Film and television may be the land of the moving image, but it has sure given us a lot of great music over the years. Audrey Hepburn as Holly Golightly, quietly breathing out Moon River. Shirley Bassey’s brassy, wagging Goldfinger. The many themes and soundtracks that have become cultural touchstones: The Pink Panther. Jaws. Psycho.

But while some of those melodies dig deep into our psyches — the ominous see-saw of the Jaws riff kept me out of swimming pools for a time — others stick closer to their roots. And perhaps the theme that has stuck the closest is the propulsive, cut-the-red-wire music that Argentinian pianist Lalo Schifrin dreamed up for the television version of Mission: Impossible back in the late 1960s.

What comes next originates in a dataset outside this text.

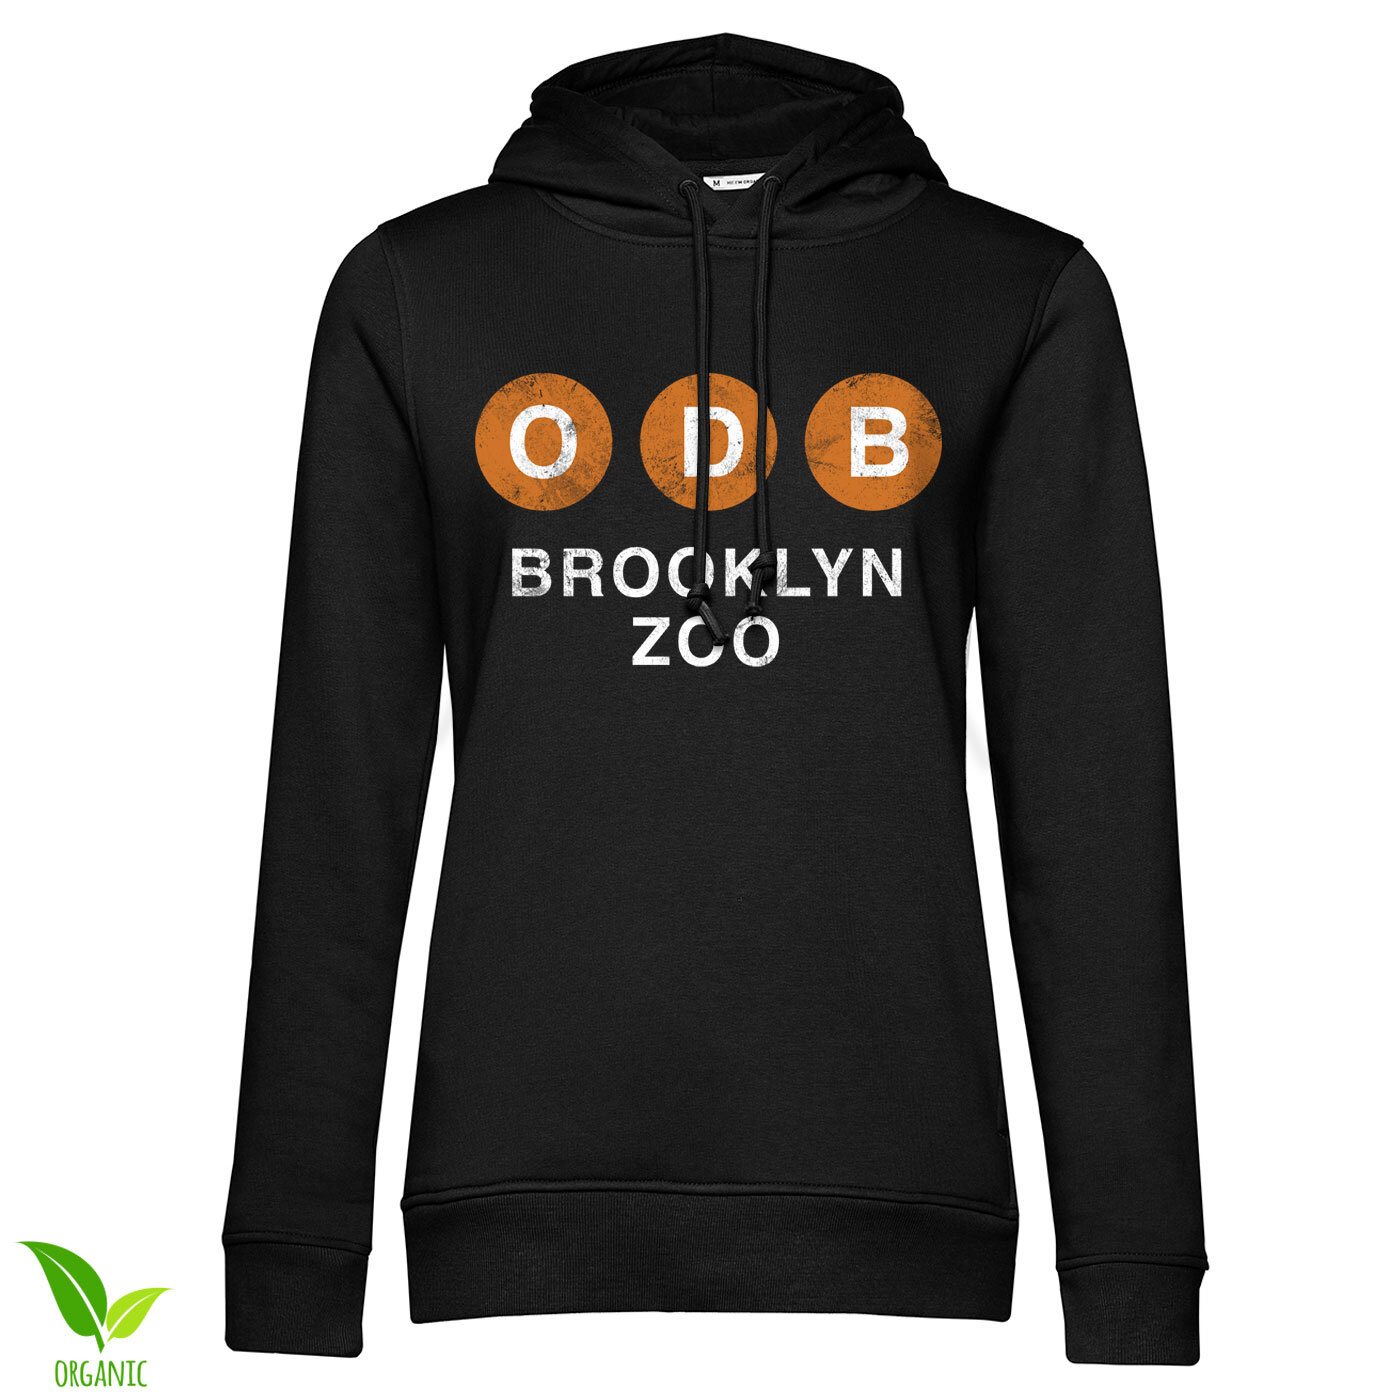 ODB Brooklyn Zoo Girls Hoodie

Musically, Schifrin’s baby — it appears again in the coming weeks in the latest installment of the franchise, dubbed Fallout; more on that in a moment — is a bit of an oddball for such a popular hit: its 5/4 time signature keeps it sounding off-kilter to American ears (although some movie adaptations dumb this down to a much blander 4/4), while the unconventional instrumentation (percussion, flutes, piano) is alternately pounding and piercing. For a series about impossible missions, it is pitch perfect, and a summer tradition I never seem to tire of revisiting, at least for the opening credits.

The new film in the series reunites Tom Cruise with writer/director Christopher McQuarrie, who helmed the previous Mission: Impossible — Rogue Nation in 2015. Cruise’s Ethan Hunt, backed by his usual IMF team of misfit agents (Simon Pegg, Ving Rhames) goes off the reservation after a master criminal escapes when an operation under Hunt’s control goes wrong. Determined to set things right but being run down by both the enemy and his own government — a familiar trope to fans of the earlier MI stories — Hunt and his team must race against time to recapture their enemy and prevent a wider catastrophe. Alec Baldwin, Michelle Monaghan, and Angela Bassett are along for the ride.

Me? I just want to hear that music one more time.

Mission: Impossible — Fallout, various dates/times, Cinemark Theaters, Russell St., Hadley; Eastfield 16, 1655 Boston Rd., Springfield.

Also at Cinemark this July is the Studio Ghibli classic Princess Mononoke. Three screenings over four days will feature both the original Japanese version and the English dubbed edition (Gillian Anderson, Billy Crudup, and Jada Pinkett Smith feature there, though I’d recommend the subtitled version which shows on July 23).

An animated epic about the battle between Princess Mononoke — a girl raised by wolves — and the humans who are trying to destroy the woods she calls home, it is set centuries in the past but concerns itself, like so many Ghibli films, with the ecological problems of today. But unlike some Western cartoons, Mononoke (the name refers to a shape-shifting demon of Japanese mythology) doesn’t shy away from dramatic, sometimes gruesome imagery; the deaths and dismemberments make it a touch darker than Ghibli fare like My Neighbor Totoro. If you have a very young Ghibli fan in your family, you may want to wait a bit before introducing Mononoke, but for anyone over 10, it should prove to be a lasting favorite.

Princess Mononoke, July 22/23/25, various times, Cinemark Theaters, Russell St., Hadley; West Springfield 15, 864 Riverdale St., West Springfield.